Точно так же прозаические рыцарские книги были своего рода печатными «репродукциями» поэтического эпоса, которые в большей степени деформировали уже сложившийся вид словесного искусства, чем создавали нечто новое. Массовая печатная книга могла и даже с необходимостью должна была оформить качественно новый жанр романа, установившийся лишь к XVIII веку.
Соотношение романа и поэзии во многом аналогично соотношению киноискусства и театра. Роман уже не воспринимается непосредственно чувственно — как слышимая, произносимая живым голосом (часто даже в музыкальном сопровождении) поэзия — средневековые chansons de geste, поэма Данте, терцины которой распевают на улицах, передаваемые из уст в уста фацетии, фабльо, шванки, сцены «Романа о Лисе», баллады и романсы. Чувственно воспринимаются в романе только равнодушные печатные строки, в которых нет очевидного ритма, звуковых повторов, рифм и ассонансов. Но зато роман обращен к массам людей, живущих в любом уголке мира.
(Так же и кино, теряя, в сравнении с театром, эффект непосредственного восприятия живых людей, объемной глубины пространства, очевидной реальности цвета и звука, обретает вместе с тем свою массовость и «многократность».)

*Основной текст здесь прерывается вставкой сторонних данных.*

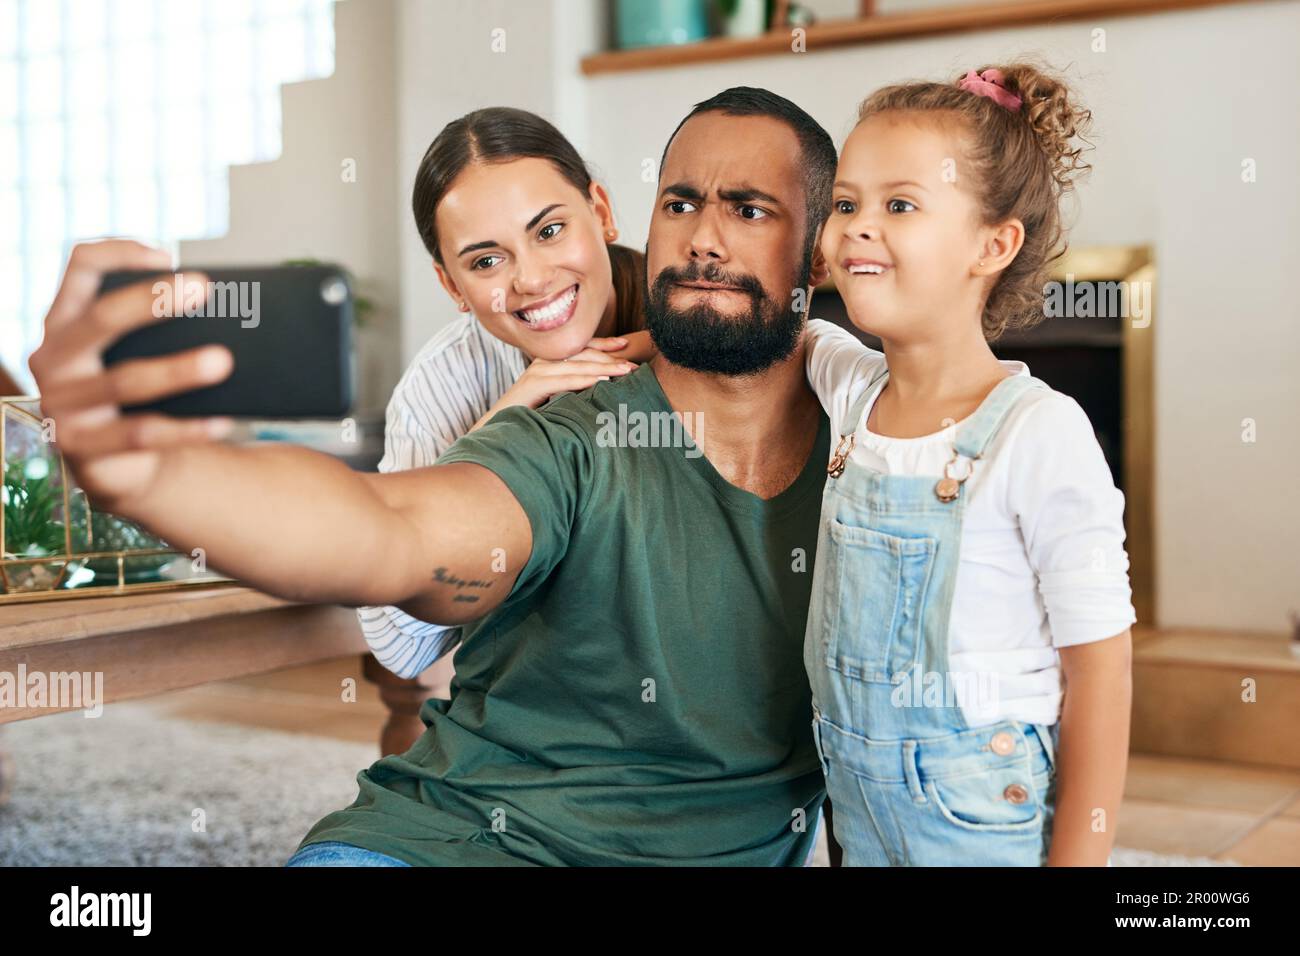 Glückliche, lustige Erinnerungen sind am besten zu schätzen. Eine glückliche Familie, die lustige Gesichter macht, während sie zu Hause Selfies macht. Stockfoto

Однако важнее для нас другое. Роман в силу самого своего прозаического (во всех разносторонних смыслах) существа отнюдь не деформируется, не ослабляется в облике печатной, обращенной к читателям книги. Для поэзии как таковой книга действительно есть своего рода «репродукция» (как кинофильм, зафиксировавший театральный спектакль). Произведение поэзии должно исполняться перед кругом слушателей — подчас даже с музыкой. Оно в самом деле что-то (иногда очень многое) теряет при простом чтении книги; оно рассчитано на другое, оно создано для живого звучащего бытия. Еще в поэтике Буало искусство слова трактуется как всецело звучащее, слышимое. Совершенство чувственно воспринимаемой материи произведения предстает как задача первостепенной важности:
И это лишь один из затрагиваемых Буало вопросов слышимой формы стиха — формы, которая в поэзии глубоко содержательна. Вполне понятно, что при беглом чтении про себя мы во многом не улавливаем, не воспринимаем это содержание; таким образом, печатная репродукция поэтического произведения ослабляет или даже в чем-то искажает его.
До изобретения книгопечатания поэзия с необходимостью исполнялась вслух гораздо шире, чем впоследствии, когда поэтические произведения прошлого и современности обычно просто прочитываются в книге. И надо отдавать себе отчет в том, что такое чтение есть в конечном счете восприятие «ослабленной» репродукции, а не самого произведения, чтение нот, а не прослушивание музыки. В каком-то смысле можно сравнить подобное восприятие поэзии с восприятием произведения живописи в фотографической репродукции; последняя может быть очень хорошей, но она не способна все же заменить само произведение.
Так обстоит дело с поэзией. В то же время в романе все оказывается качественно иным. Он как бы аналогичен гравюре. Гравюра — это только один из многих оттисков со сделанной художником доски. Но гравюра — не репродукция, а произведение искусства как таковое. Ибо художник, делая гравюру, имел в виду именно оттиск. Технические средства, создающие оттиск, выступают как прямые, осмысленные и, более того, необходимые исполнители и продолжатели активной творческой воли художника. В известном смысле все это относится и к роману. Уже самые первые романисты создают свои романы именно как массовые печатные произведения. Это как бы включено в сам замысел. Даже если роман пишется, например, в формах сказа или диалога (не говоря о формах переписки, дневника, записок и т. п.), он все же рассчитан на чтение глазами. Форма романа всецело и полностью воспринимается при чтении в печатной книге, про себя. Книжное бытие романа не только не деформирует его, но, напротив, является наиболее адекватным и необходимым. И с этой точки зрения даже правильно будет сказать, что роман создается печатным станком; он действительно обретает свое полное и полноценное существование в многотиражной книге, обращенной к массе читателей.